In fact, the people with too much free time on their hands have in recent weeks been peddling a story that claims Giannoulias – who after finishing college in the United States went to Greece to play professional basketball – somehow dodged a legal obligation to serve time in the army in that nation.

Not that I think the people who want to believe this trite talk really care whether or not he ever served in the Greek army. They just want to enhance the image that Democrats don’t serve in the military, and therefore are opposed to it.

It’s trash talk that deserves to be dumped in the waste basket of life.

BUT THE SUDDEN interest in appearing with people who have devoted their lives to the U.S. military makes me wonder if Giannoulias is taking this kind of rhetoric seriously. I’d hope not, because it is a battle he can’t win.

In fact, about the only way a political candidate of the Democratic Party can deal with this “issue” is to turn it into a non-issue. Ignore it. Let it go away. Because in the end, it really doesn’t matter.

Now I will be the first to admit that neither I nor my brother served in the military. Although we have cousins who did. I also remember the last time I saw an old childhood friend, much of our “catching-up” conversation centered around his oldest son, who was then in the army.

So I appreciate that some people take this seriously. I also realize that for some people (such as one of my cousins who served five years in the Army, including a few months in Kuwait during the Gulf War of the early 1990s), military service is probably their best option for getting ahead in life.

I’M NOT ANTI-military. But I am anti- the idea that it should somehow be a requirement for any sort of advancement in public life. If anything, we probably need a healthy mixture of people in electoral politics who have both served and NOT served in a military uniform of sorts.

The reality of this issue is that perception is everything. Republican candidates get the perception that they are pro-military, and that the Democrats are the opposition to that view. There is little that can be done to change that.
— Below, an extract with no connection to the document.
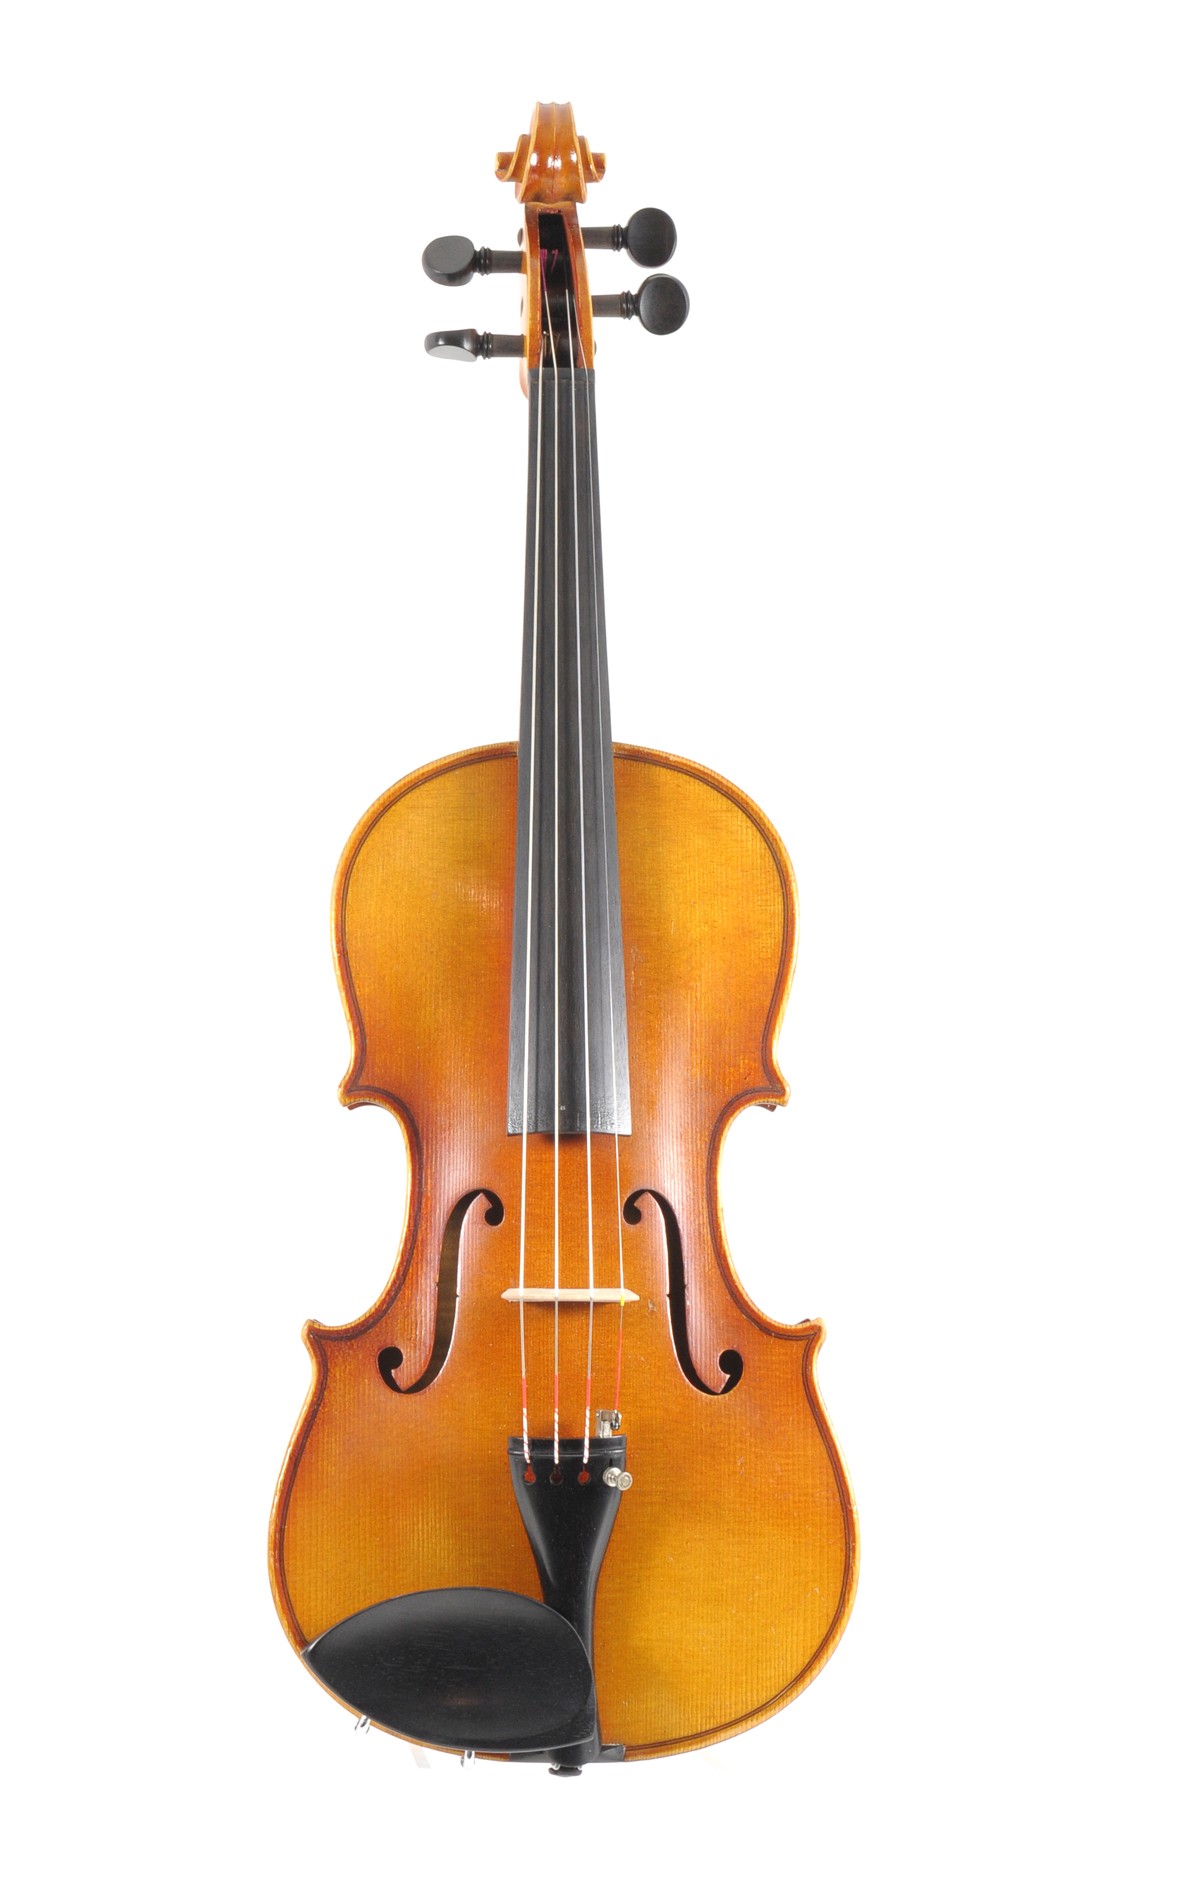 German violin, Bubenreuth 20th century - top view

What Giannoulias risks doing by appearing to cuddle up to too many people in uniform is trying to create the illusion that he somehow has some sort of military viewpoint. The truth is that he does not.

If people start thinking that he’s trying to pretend to have more of a military view than he really does, then people who in theory should be his supporters will turn on him. It can hurt him.

BECAUSE PRETENDING TO have some sort of soldiering viewpoint won’t help him gain any kind of traction among would-be Republican voters. The 2000 and 2004 presidential elections ought to be the ultimate evidence of that fact.

George W. Bush ran twice for president against candidates who actually served in the army during the Vietnam conflict. They had legitimate records. Yet the Republican partisans who were determined to put Bush into office went out of their way to denigrate the true military people in favor of the guy who used his connections to avoid having to serve in a combat zone in Vietnam.

Not that I blame him. I wonder if I were alive and of military age back then (I was 2 back in the summer of 1967) if I would have engaged in similar actions.

But as much as the Republican base claims they respect the military, what it really amounts to is that they respect only a certain type of person who serves. Giannoulias isn’t that type of person. He never will be.

TRYING TO PRETEND in any way can only hurt him.

So when Giannoulias makes his appearances with Duckworth, I hope he doesn’t overdo it. In fact, the biggest surprise to me is that Duckworth (who served in Iraq and was wounded in 2004, losing both of her legs and partial use of an arm) is willing to be so visually present.

With the way many people are convinced this is going to be the “gloom and doom” year for Democratic candidates across Illinois (I expect some losses, but not the total annihilation that some GOP partisans have wet dreams about), I’d almost expect her to loom as far into the political background as she could.

So either Duckworth is expecting some political goodwill in return should she decide in the future to run for elective office. Or perhaps she knows something about the public mood that the rest of us are overlooking?